Kontroversi Rancangan Undang-Undang Permusikan di Indonesia


Sempat mencuat berita terkait kontroversi Rancangan Undang-Undang Permusikan beberapa bulan yang lalu. Sebanyak 260 musisi yang tergabung dalam koalisi Nasional Tolak RUU Permusikan menolak pengesahan draf Rancangan Undang-Undang (RUU) Permusikan. Sebab, draf RUU Permusikan dinilai menyimpan banyak masalah yang berpotensi membatasi, menghambat dukungan perkembangan proses kreasi dan justru merepresi para pekerja musik. Bahkan, sempat dibuat petisi penolakan RUU permusikan melalui www.change.org.
Selasa, 19 Februari 2019 digelar Seminar bertajuk mengukur logika RUU permusikan Republik Indonesia di di Gedung Teater Besar ISI. Acara yang diadakan oleh Himanoiska Etnomusikologi ISI Solo ini menghadirkan narasumber Ari Hamzah, Wendi Putranto (eks digital managing editor Rolling Stone Indonesia), Rahayu Kertawiguna (CEO & Founder Nagaswara Music dan Publishing Jakarta), Joko S. Gombloh (Kurator Kesenian Gamelan Solo) dari Etnomusikologi. Acara dipandu oleh moderator dari Etnomusikologi Joko Suyanto. 
Sebelum diskusi dimulai ada penampilan khusus dari Smaratantra yang menampilkan musik Banyumasan, Suku Dayak Bahau Kalimantan dan Bali. Seminar membahas dan mendiskusikan tentang draft RUU permusikan. Banyak masukan dan pertanyaan baik pro maupun kontra dari para peserta yang langsung dijawab oleh narasumber. Salah satunya Ari Hamzah menyampaikan aspirasinya terutama tentang musik indie. Masalah perundang-undang, masih revisi oleh anggota Dewan Perwakilan Rakyat. Ari Hamzah juga menilai dari sisi seorang musisi band indie dengan RUU pasal 5 akan menghambat kreatifitas serta nasib para musisi kedepannya (kalau seperti ini terus saya akan melarang anak saya menjadi seperti saya), bebernya sambil bercanda. Didalam diskusi, ada 3 penanya dari berbagai sudut pandang yaitu warga asing, seniman lokal dan musisi.
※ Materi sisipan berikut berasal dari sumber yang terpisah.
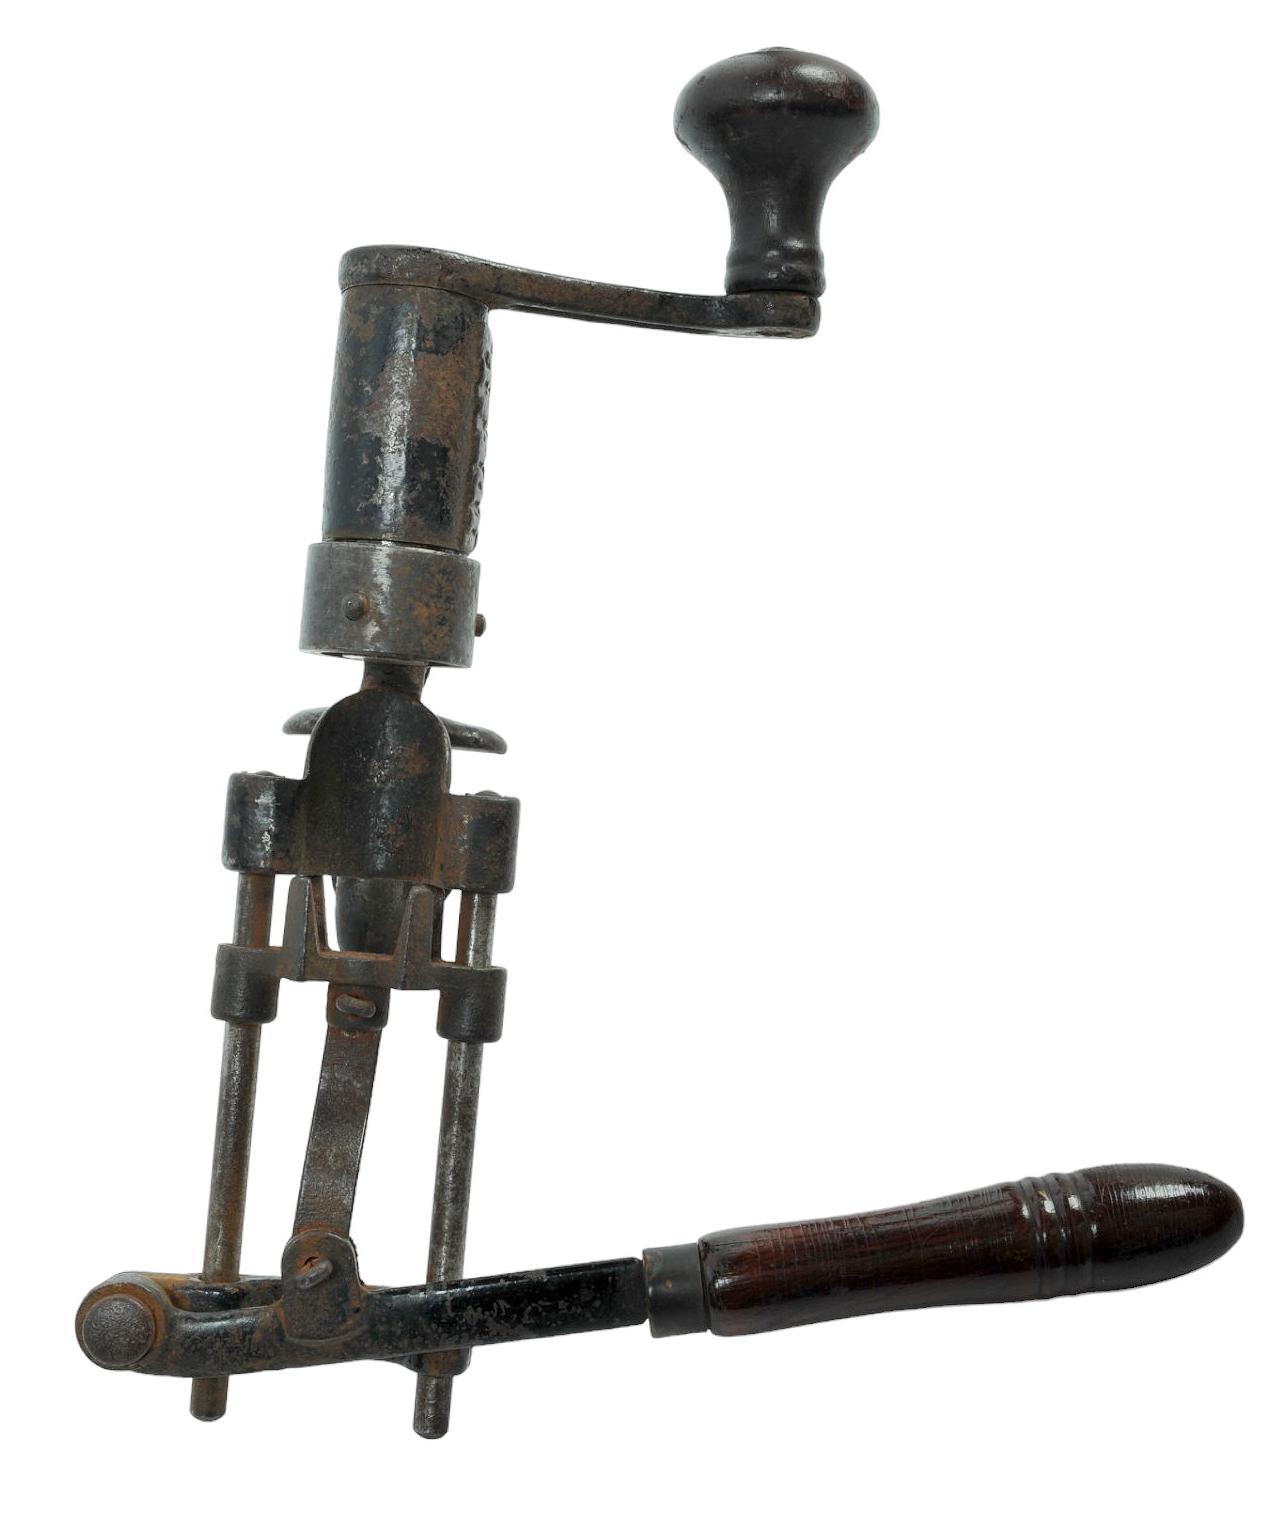 Scarce 1898 Antique Gun Reloading and Gunsmithing Tools (RM)

Salah satu pasal 18 berbunyi, “pertunjukan musik melibatkan promotor musik atau penyelenggara musik yang mempunyai lisensi dan izin usaha pertunjukan musik sesuai dengan ketentuan perundang-undangan.” Artinya pertunjukan ini tidak menjadi masalah bagi promotor pertunjukan musik besar lalu bagaimana dengan pertunjukan musik yang berada di ranah independen ataupun musik daerah.
RUU permusikan adalah sebuah rancangan undang-undang yang dikeluarkan oleh Pemerintah Republik Indonesia tahun 2019. RUU tersebut menuai kontroversi dimana koalisi penolak RUU Permusikan mempermasalahkan Pasal 4, 5, 7, 10, 11, 12, 13, 15, 18, 19, 20, 21, 31, 32, 33, 42, 49, 50 dan 51. Pasal-pasal tersebut dinilai menimbulkan pasal karet dan menyudutkan industri musik Independen. Ruutolakpermusikan.com. 
Tujuan utama dari RUU Permusikan sendiri untuk melindungi dan mengakomodasi para musisi Indonesia dalam berkarya. Dengan adanya RUU Permusikan ini industri permusikan dapat diregulasi dan distandarisasi. Sehingga, kesejahteraan musisi dapat terjamin. Setelah bergulir selama dua tahun kini di DPR, akhirnya draf RUU Permusikan berakhir pada 17 Juni 2019. Kini, nasib RUU yang sudah masuk Program Legislasi Nasional (Prolegnas) prioritas 2019 ditarik oleh para pengusulnya (anggota DPR). Dengan demikian, draf RUU Permusikan dinyatakan dihapus dari daftar Prolegnas 2019. Kini tidak ada lagi suara pro dan kontra atas RUU ini.